Maurice Kelly

Head Of Engineering at Novastone

County Down

Co. Down

One-On-One with Maurice

Could you tell us a bit more about yourself, your job and how long you’ve lived in County Down?

I’m a software engineer and engineering manager who has been working in the software industry for the last 20 years. I studied electrical engineering, but rediscovered my love for programming when taking software courses at university. I’ve worked in mobile telecoms, iOS app development, cyber security, and tech book writing. I am currently the head of engineering for a startup. I still program regularly but usually in my spare time and focus on engineering management during the day. I’ve worked in companies based in Belfast for most of my career, but have lived in Dromara in County Down for the last 11 years.

What attracted you to living and working in Down ?

I live in mid-Down, which is convenient for access to the technology job market that exists in Belfast. I wanted to move out of Belfast but keep close enough to be able to commute, while also living within a similar distance to mine and my wife’s family. The main attraction to where we live was to satisfy our desire to be in the countryside and enjoy a more peaceful and slower-paced environment.

Can you walk us through a day in the life of living in Co. Down ?

Life has changed dramatically since the pandemic, and very much for the better. In the past I would be leaving the house at 6:30am in order to get to the office early; this would allow me to avoid traffic and leave the office by 4pm and get home again to spend time with my family.

Now, I get to spend the mornings with my kids before bringing them to primary school in the local town. I get home a little after 9 and can get started on the work day. We will often go for a walk during the day, usually in the early evening, though sometimes it can be nicer to spend the evenings in front of a log fire. Regardless of the time of year the house is often surrounded by cattle so it can sound very idyllic with the windows open. Occasionally we will have a “down tools” moment if we have visitors like squirrels, rabbits, or foxes to the garden. It’s a nice interruption to the work day.

How would you describe transport within Down ? Is it easy to get around ?

It is very easy to get around County Down if you own a car. Otherwise, you need to rely on being close to major bus routes which connect the towns and have a decreasing number of rural stops. For my commute I would drive to a park and ride service just outside Belfast where I can park for free and take a bus into the city centre where many of the tech jobs are located.

How fast/reliable is your home internet connection ?

Our home internet connection has been very good for the last 5 years, since an improvement was made to bring a fibre cabinet closer to the house. Before that, we had a maximum of 5Mbps, but we’re now able to get around 65Mbps and it is pretty reliable. This has made a huge change to our ability to work from home, and we’re investigating the possibility of fibre to the premises as well.
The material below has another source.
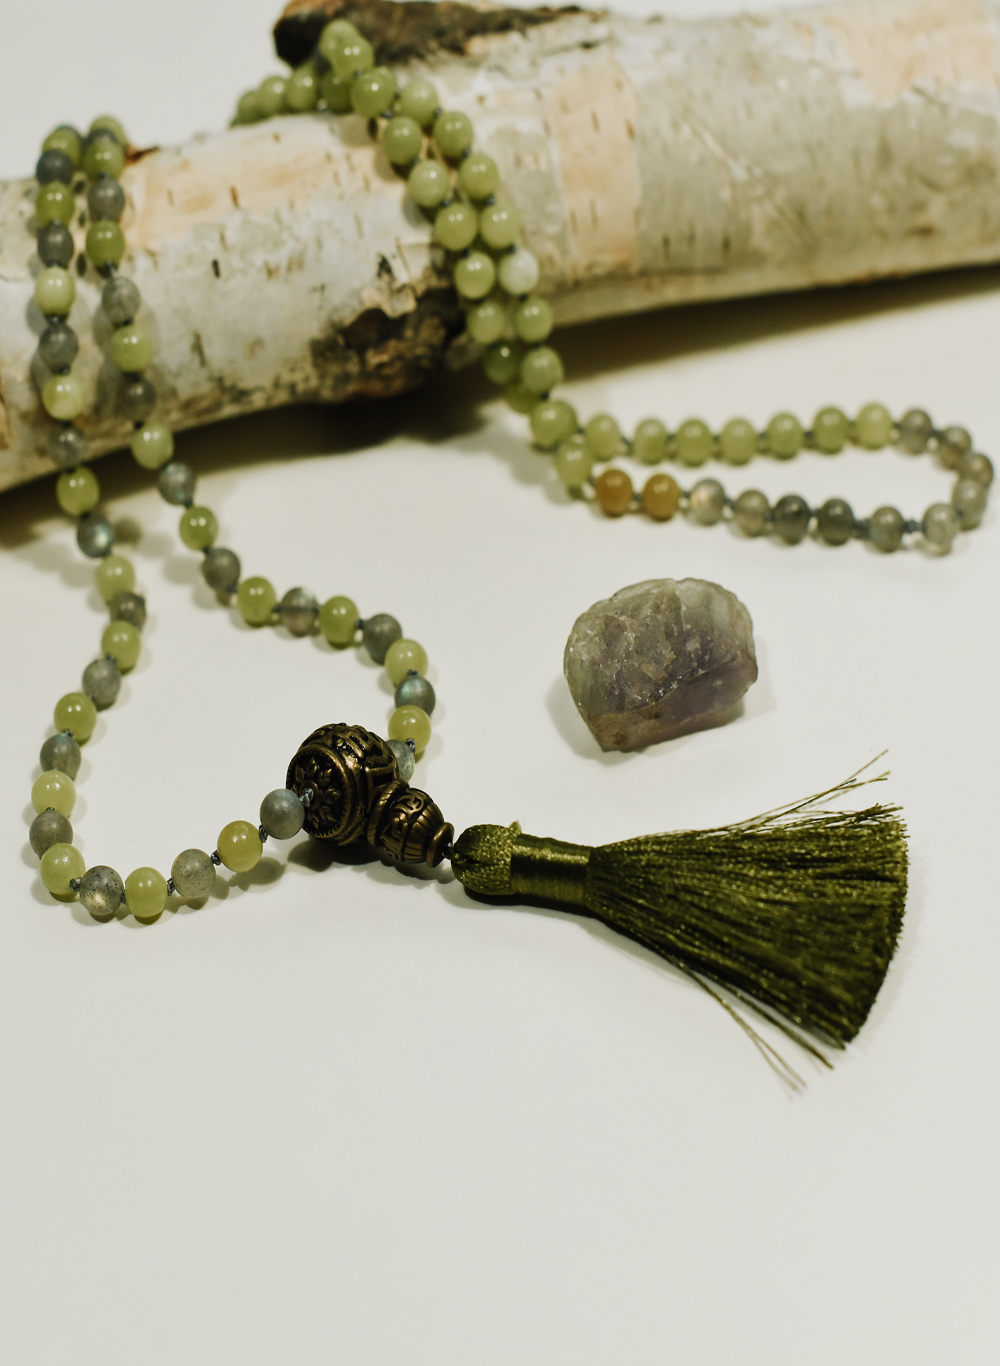 Mala Serpentine Jade + Labradorite – self healing – wisdom: All Chakra's – Muladhara, Swadhisthana, Manipura, Anahata, Vishuddha, Ajna and Sahasrara (root, naval,solar plexus, heart, throat, third eye and crown) handcrafted by Fia

Can you tell us about some of your favourite locations or attractions within Down ?

County Down is full of natural beauty and is great for people who like to get back to nature. The Mournes Area of Outstanding Natural Beauty (AONB) is in the south of the county, and the county borders the Irish Sea and Belfast Lough on a number of sides so there are numerous beaches to visit. Strangford Lough carves out a large portion of the middle of the county and is another AONB. There are also lots of rural pubs and restaurants that serve some amazing food.

What advice do you have for individuals or families interested in relocating to Down ?

North and Mid-Down are very good locations to live if you need to commute to Belfast. South Down is a good location if you need to work in or around Newry. It offers a great combination of rural living in close proximity to the facilities in urban areas and is in good proximity to the cities of Belfast, Lisburn, and Newry. If you are moving to a rural location it is worth checking on broadband speeds that are available to you. As of 2021 there is an active government project (Project Stratum) that is attempting to bring a minimum of 30Mbps to every rural home, but it isn’t completed yet and there still may be some locations that cannot be served by it.

Thank you very much Maurice for taking the time to talk with us and thank you for representing Co. Down as a Rural Ireland Tech Advocate.